The big boys in insurance hide behind the McCarren – Ferguson act and I doubt there is much that either party is doing or wants to do to change that. The money that is poured in via lobbying and campaign contributions might have something to do with it I’m guessing.

As for other aspects of the health and medical industry, you do make some good points.

JDW

March 1st, 2013
12:36 pm

@Tiberius…”You never explained how they would, JDW.”

Reading dysfunction still intact I see…from my 6:32 yesterday,,,

“Still math challenged I see. It works like this… according to the OECD, you know that link I gave you earlier that you obviously distaining viewing ’cause as well all know YOU KNOW EVERYTHING we spend $8233 per year per person. Doctors account for about 1/5 or $1646 of that total…if we paid them ZERO our costs would STILL BE $6586 per person which is more than the number two nation on the hit parade Norway at $5388 per person.”

Try again.

JDW

March 1st, 2013
12:38 pm

@Tiberius…”So when did an EKG or colonoscopy become part of a basic physical?”

At 50 or with history of heart disease or colon cancer…you must not have had yours yet…you wouldn’t forget.

JDW

March 1st, 2013
12:43 pm

@Tiberius…”Or maybe, like so many others of your ilk, it’s just better to screw the rest of us into paying for that now $300 insurance-covered physical instead of buying one less pack of smokes or one less six-pack per week and being responsible, isn’t it?…Priorities, JDW…Responsible people get them done. The irresponsible become Democrats.”

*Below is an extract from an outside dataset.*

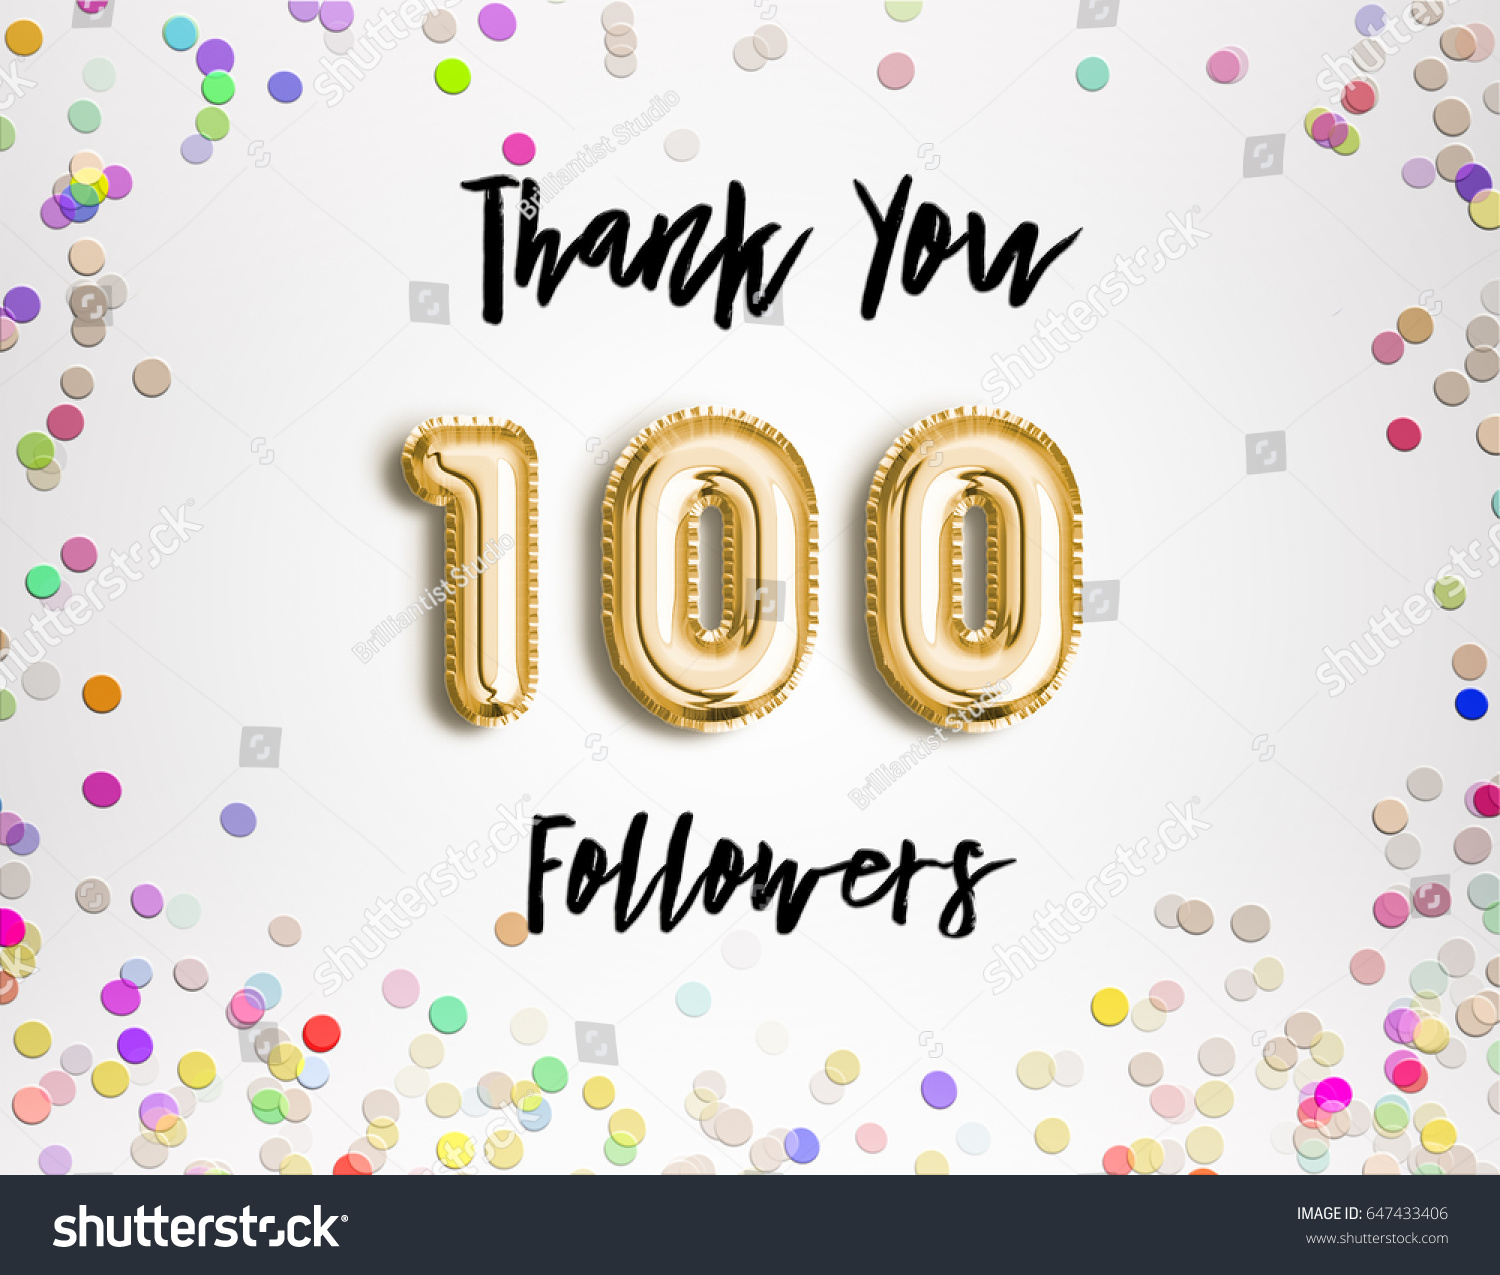 100 One Hundred Thank You Gold Stok İllüstrasyon 647433406 Shutterstock.

Actually the responsible thing to do is provide the preventive care needed and thereby lower the costs for the rest of us instead of obsessing over the erroneous though that you might get “screwed” out of something…you seem to be too selfish to grasp that. You constant remind me of a 5 year old yelling mine mine mine.

Priorities Tiberius…yours need evaluating…then again maybe you are just channeling your inner John C. Calhoun.